Colletotrichum crown rot (CCR) caused by Colletotrichum gloeosporioides is a serious threat to the cultivated strawberry (Fragaria × ananassa). Our previous study reported that a major locus, FaRCg1, increases resistance. However, the genomic structure of FaRCg1 and potential candidate genes associated with the resistance remained unknown.
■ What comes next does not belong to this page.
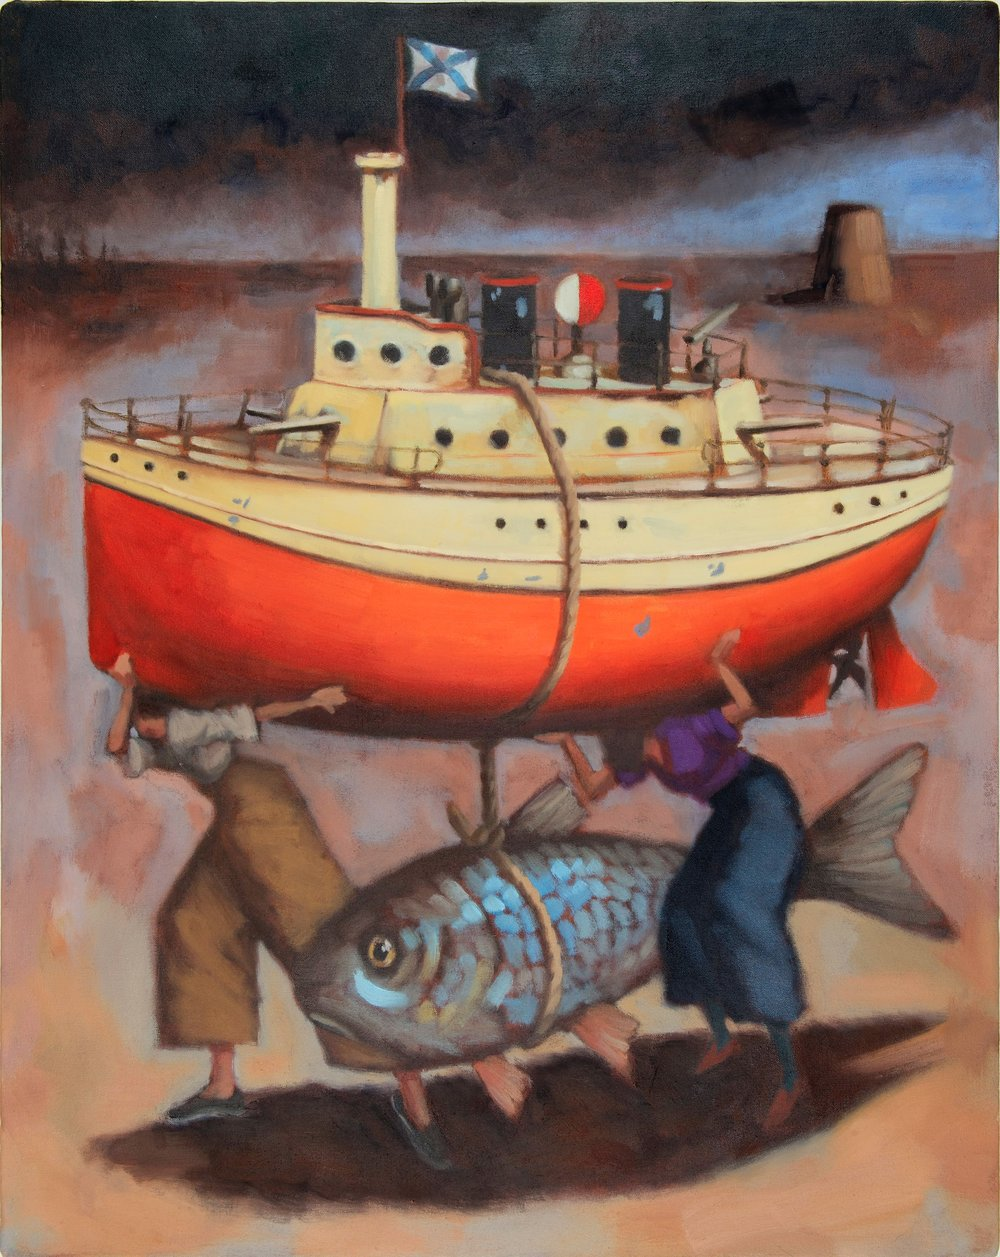 Steve Fricker : Aqua, 80 cm x 65 cm, oil on canvas

Here, we performed comparative transcriptome analyses of resistant 'Florida Elyana' and susceptible 'Strawberry Festival' after infection and identified candidate genes potentially involved in resistance. In 'Florida Elyana', 6,099 genes were differentially expressed in response to C. gloeosporioides. Gene ontology analysis showed that the most upregulated genes were functionally associated with signaling pathways of plant defense responses. Three genes in the genomic region of FaRCg1 were highly upregulated: a von Willebrand Factor A domain-containing protein, a subtilisin-like protease, and a TIFY 11A-like protein. Subgenome-specific markers developed for the candidate genes were tested with a diverse panel of 219 accessions from University of Florida and North Carolina State University breeding programs. Significant and positive associations were found between the high-resolution melting (HRM) marker genotypes and CCR phenotypes. These newly developed subgenome-specific functional markers for FaRCg1 can facilitate development of resistant varieties through marker-assisted selection.